■ **What the task asks**:
Each line from the one that includes "Abmessungen: 32 x 225 cm (12½ x 88½ in)" to the last line of the data below should be set down exactly; no other lines are wanted.

■ **Material provided**:
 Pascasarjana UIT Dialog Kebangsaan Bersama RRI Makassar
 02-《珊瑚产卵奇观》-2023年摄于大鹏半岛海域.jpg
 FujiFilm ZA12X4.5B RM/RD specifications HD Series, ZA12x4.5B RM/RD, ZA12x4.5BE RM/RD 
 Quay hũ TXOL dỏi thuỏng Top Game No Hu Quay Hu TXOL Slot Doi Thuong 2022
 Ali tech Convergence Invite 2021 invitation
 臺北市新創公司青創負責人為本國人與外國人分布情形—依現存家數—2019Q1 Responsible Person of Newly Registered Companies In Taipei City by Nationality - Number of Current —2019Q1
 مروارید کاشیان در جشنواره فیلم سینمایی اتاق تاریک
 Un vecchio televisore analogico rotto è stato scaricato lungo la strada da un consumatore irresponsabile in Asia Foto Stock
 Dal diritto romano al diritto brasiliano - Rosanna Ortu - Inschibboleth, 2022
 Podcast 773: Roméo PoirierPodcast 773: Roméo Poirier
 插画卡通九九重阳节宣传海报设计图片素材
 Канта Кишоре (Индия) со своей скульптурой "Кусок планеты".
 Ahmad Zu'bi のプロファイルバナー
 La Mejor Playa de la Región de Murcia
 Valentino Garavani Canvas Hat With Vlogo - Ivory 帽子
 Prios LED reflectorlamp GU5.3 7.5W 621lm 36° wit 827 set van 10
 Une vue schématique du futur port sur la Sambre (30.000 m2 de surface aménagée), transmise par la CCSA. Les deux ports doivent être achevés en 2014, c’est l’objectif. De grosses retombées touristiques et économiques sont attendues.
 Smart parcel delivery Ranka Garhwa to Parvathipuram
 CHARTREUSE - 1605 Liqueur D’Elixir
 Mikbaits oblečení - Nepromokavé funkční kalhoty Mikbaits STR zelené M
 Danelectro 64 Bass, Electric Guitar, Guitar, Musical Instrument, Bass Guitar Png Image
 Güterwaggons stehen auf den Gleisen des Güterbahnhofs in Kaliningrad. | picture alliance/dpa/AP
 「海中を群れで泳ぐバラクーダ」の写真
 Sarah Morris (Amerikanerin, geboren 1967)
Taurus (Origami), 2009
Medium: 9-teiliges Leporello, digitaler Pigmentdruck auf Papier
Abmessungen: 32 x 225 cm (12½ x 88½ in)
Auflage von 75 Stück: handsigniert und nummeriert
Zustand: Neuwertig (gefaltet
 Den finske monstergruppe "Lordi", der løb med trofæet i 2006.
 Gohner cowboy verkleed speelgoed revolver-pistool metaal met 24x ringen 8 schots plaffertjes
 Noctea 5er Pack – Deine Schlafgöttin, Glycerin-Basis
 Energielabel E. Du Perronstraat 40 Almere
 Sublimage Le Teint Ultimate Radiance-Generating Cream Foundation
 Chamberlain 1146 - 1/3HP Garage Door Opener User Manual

■ **Reply**:
Abmessungen: 32 x 225 cm (12½ x 88½ in)
Auflage von 75 Stück: handsigniert und nummeriert
Zustand: Neuwertig (gefaltet
 Den finske monstergruppe "Lordi", der løb med trofæet i 2006.
 Gohner cowboy verkleed speelgoed revolver-pistool metaal met 24x ringen 8 schots plaffertjes
 Noctea 5er Pack – Deine Schlafgöttin, Glycerin-Basis
 Energielabel E. Du Perronstraat 40 Almere
 Sublimage Le Teint Ultimate Radiance-Generating Cream Foundation
 Chamberlain 1146 - 1/3HP Garage Door Opener User Manual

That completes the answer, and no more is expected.